Без дна. Зависимости и как их победить - страница 3
Огромное количество людей сталкивается с чувством пустоты и отчаяния, но тогда я этого не знала и, кроме пары-другой писателей и поэтов, не могла вспомнить ни одного откровенного признания в такой потерянности со стороны окружавших меня людей. Все изменилось в старших классах. Впервые напившись, я, казалось, обнаружила экстренный выход или стоп-кран, останавливающий все тяготы взросления; прошло немало времени, прежде чем я задумалась: а как меня вообще сюда занесло? В конце концов, эффект, которым изначально так пленил меня алкоголь – способность притуплять экзистенциальные страхи, – подло меня предал. Спустя какое-то время алкоголь неизменно ввергал меня в пропасть отчужденности, отчаяния и пустоты, которой прежде я пыталась с его помощью избежать.

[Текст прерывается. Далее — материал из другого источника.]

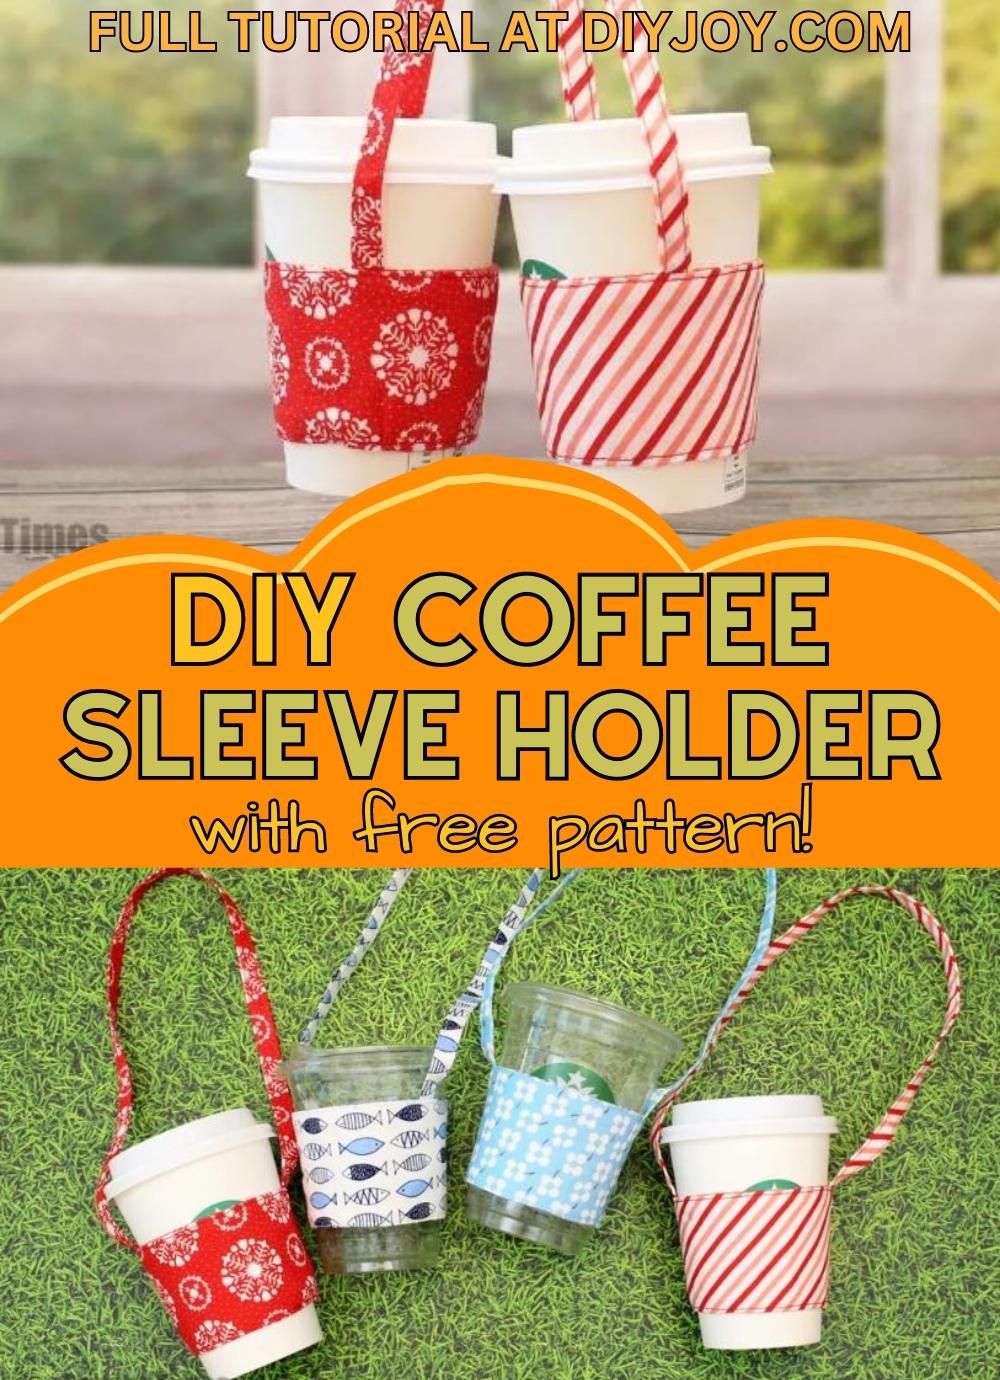 DIY Coffee Sleeve Holder Tutorial

Джордж Куб, директор Национального института по вопросам злоупотребления алкоголем и алкоголизма, считает, что есть два способа стать алкоголиком: или родиться таковым, или очень много пить. Доктор Куб вовсе не шутит; вероятно, один из этих путей касается каждого из живущих, чем и объясняется огромное количество страдающих алкоголизмом. Да, несомненно, многие, подобно мне, еще до первого глотка уже предрасположены к алкоголизму; однако стоит заметить, что частое употребление любого дурманящего вещества развивается в привыкание и зависимость – характерные признаки болезни – у любого, кто обладает нервной системой. К сожалению, пока ни одна научная модель не может объяснить, как я настолько быстро и сурово скатилась к бездомности, чувству безнадежности и крайнего опустошения.
Выбирая забвение
Следующие десять лет я жила простой философией: хвататься за любую возможность принять дозу, вне зависимости от требуемой за то платы. Все мои действия осмыслялись сугубо в контексте этого принципа; каждое мое мгновение было посвящено поискам возможности нарушить гнетущую трезвость. Если моя первая хорошая пьянка подарила мне умиротворение, то первый косяк заставил смеяться до колик. Благодаря алкоголю жизнь можно было терпеть; травка же научила над ней угорать! А после – кокс ее знатно «подперчил», мет – волнующей, а кислота – интересной приправой… Все эти фармакологические чудеса я кусочек за кусочком оплачивала собой. Многое из творившегося со мной в период этого «становления» просто ушло мимо памяти, но что-то я помню вполне отчетливо. Что-то забавное и радостное, вроде той вечерней поездки из Сент-Луиса в Нэшвилл накануне выпускных экзаменов, или напротив – что-то совершенно глупое и опасное, как когда я стащила ключи от дедушкиного «шевроле» и, высунувшись на полном ходу из окна, пыталась сориентироваться по придорожным фонарям, поскольку мне казалось, что так дело пойдет куда лучше, чем со встроенным навигатором или дорожными указателями, – при этом несколько приятелей ехали на крыше; все мы, конечно, были в хлам обкурены. Или вот: в Майами один скучнейший тип позвал меня на свидание, и, чтоб как-то разогнать зевоту, я забралась в чью-то моторную лодку. Но львиная доля из того, что память сохранила, – это очень горькие воспоминания.
В итоге я оказалась в иезуитском колледже в какой-то дыре, хотя воображала себя студенткой Калифорнийского универа – ведь документы для поступления заполняла за меня мама. В колледже у меня были отличные преподы, и первый семестр я закончила вполне хорошо. Но уже совсем скоро я нашла себе привычную компанию, и все встало «на места». К началу второго курса я уже обзавелась фальшивым удостоверением, знала, у кого можно достать травки, – короче, вполне была готова на новые свершения, которые начались еще в школе, которую я окончила, паря выше и «Союза», и «Аполлона». Уверена, не одна я сбежала в колледж от всевидящего родительского ока, и обретенная там свобода – делать все, что хочешь, – крайне воодушевляла. Большую часть времени я пьянствовала и отрывалась на вечеринках и лишь в самых крайних случаях что-то листала и тем более ходила на занятия.